Why Should Healthcare Be Consumer-First?

Let’s zoom out for a moment and look at the landscape that’s facing our hospitals and health systems. Then let’s come back to the question that we are addressing a lot lately, “Why should healthcare be consumer-first?” Because before we ask How to build the Healthcare of Tomorrow, we need to understand Why it’s changing. Exploring what’s coming helps us address what’s right in front of us.
 
First, Hospitals and health systems are on an unsustainable trajectory, as they are now struggling under the weight of historic financial pressures and staffing shortages. According to Kaufman Hall, January was a challenging month for hospitals as they dealt with the omicron surge, leading to hospital margins being negative for the first time in 11 months. Their median operating margin index in January was -3.68 percent. As hospitals delayed nonurgent and outpatient care to manage the COVID-19 surge, providers saw a drop in outpatient volumes and revenue. But hospital expenses rose because of workforce shortages and supply chain issues. And we thought that a positive 1.5 to 2% was a challenge!
 
On top of that, Beckers just reported that 892 hospitals, or more than 40 percent of rural hospitals in the US — are either at immediate or high risk of closure.

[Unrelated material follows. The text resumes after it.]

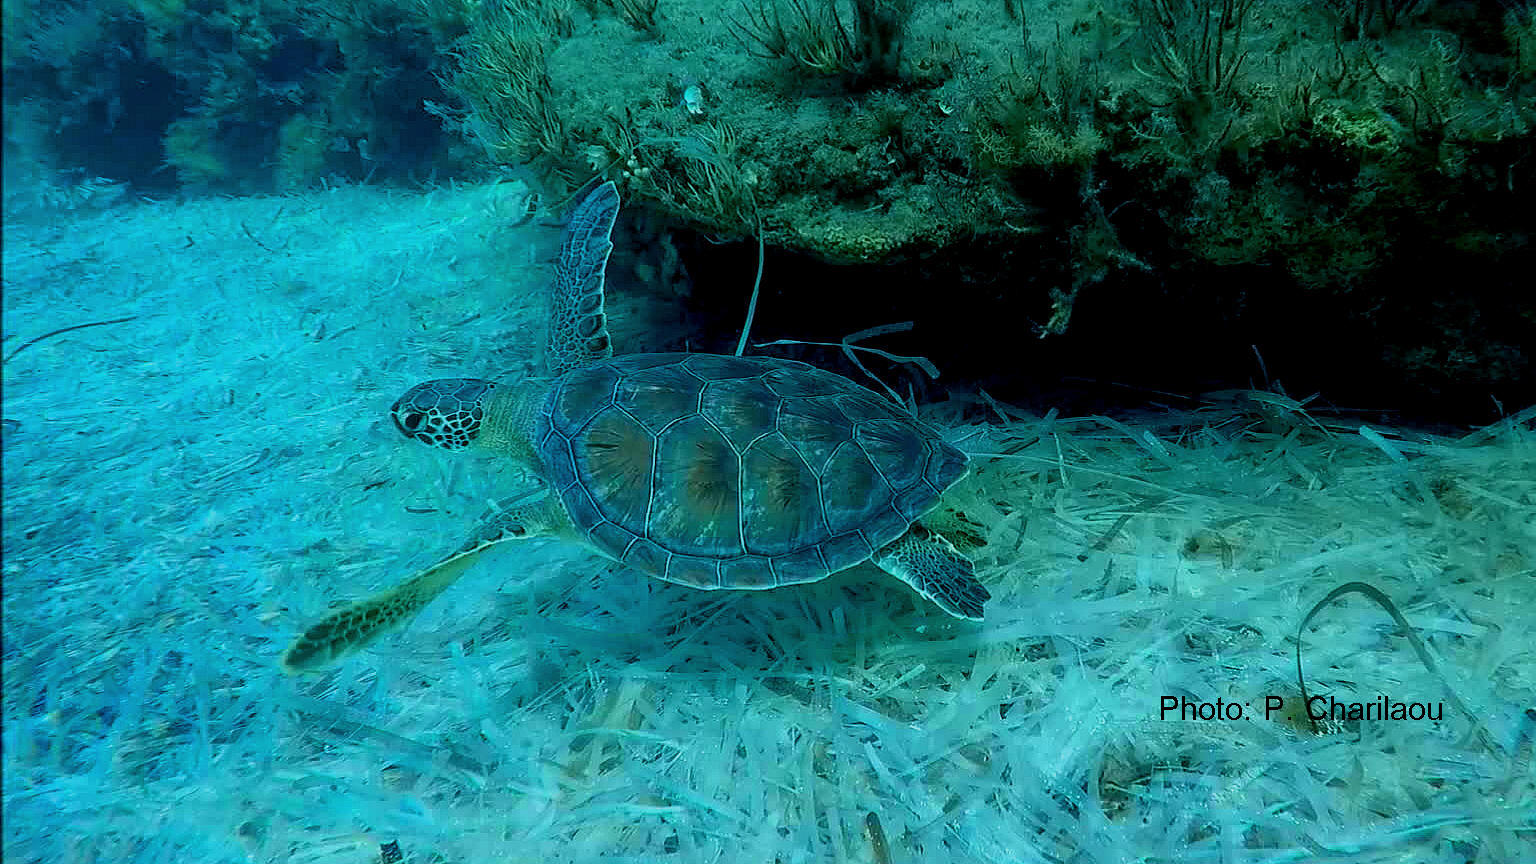 Image shows green sea turtle underwater on the sea bed.

These hospitals either have lower financial reserves or high dependence on nonpatient service revenues such as local taxes or state subsidies, according to a report from the Center for Healthcare Quality and Payment Reform.
 
To compound everything is the elephant in the room: histotric staffing shortages. According to the Bureau of Labor Statistics and other sources, 524,000 healthcare workers have left their jobs since the start of the pandemic. This doesn’t show any signs of changing direction anytime soon.
 
Second, Consumers have more choices that offer a higher level of convenience and a better care experience. These days, it seems like we can get everything delivered to our door, or picked up curbside, so why does healthcare often still feel inconvenient at best, and downright scary at worst? According to a study conducted by Prophet, 81 percent of consumers are dissatisfied with their healthcare experiences. Hospital leaders loathe comparisons to retail brands like Walmart, Walgreens, Amazon, CVS, Best Buy, and Dollar General. And admiitedly, Many of us refer to them as Disruptors, despite the fact that their “1.0” attempts at retail health haven’t all been homeruns. It’s easy to be dismissive of Big Retail because we don’t associate their brands with medical expertise.
 
But medicine wasn’t built around a pleasant consumer experince. And I’m not sure how wise it is to underestimate these Disruptors when they have the capital to create the convenient, connected, personalized experience that health systems have been talking about for a long time — without a whole lot of progress . Plus these retail brands don’t have the technical debt that’s preventing them from scaling these efforts.
 
Third, and we should probably be talking about this more often — More Americans are enrolling in high-deductible health plans, creating a cash economy for healthcare services. According to Lending Tree (Value Penguin), 52.9% of American private-sector workers were enrolled in high-deductible health plans in 2020, up from 39.4% in 2015. High deductible plans give consumers an incentive to be more selective.
 
So, what’s the big picture? We are looking at a future that is not as hospital-centric, whether it’s two years, 10  years, or 20 years in the future, that’s the trajectory. The thing is, I think that can be a win for everybody. When consumers win, it doesn’t mean that providers or hospitals have to lose. We can all benefit from a different, digitally enabled, higher service level version of healthcare. When primary care gets slowly carved off to retailers and disruptors, that doesn’t mean that referral pathways will die off. It simply means that marketers get to be more creative and use the tools and data at their disposal to better understand and engage with consumers. I also predict that this combination of factors will lead human-centered design to come to the mainstream of healthcare strategy, rather than living in innovation labs and committees.
 
Let’s keep our eye on the big picture when we answer the question of Why healthcare should be consumer first. That’s another way that we’ll build the Healthcare of Tomorrow.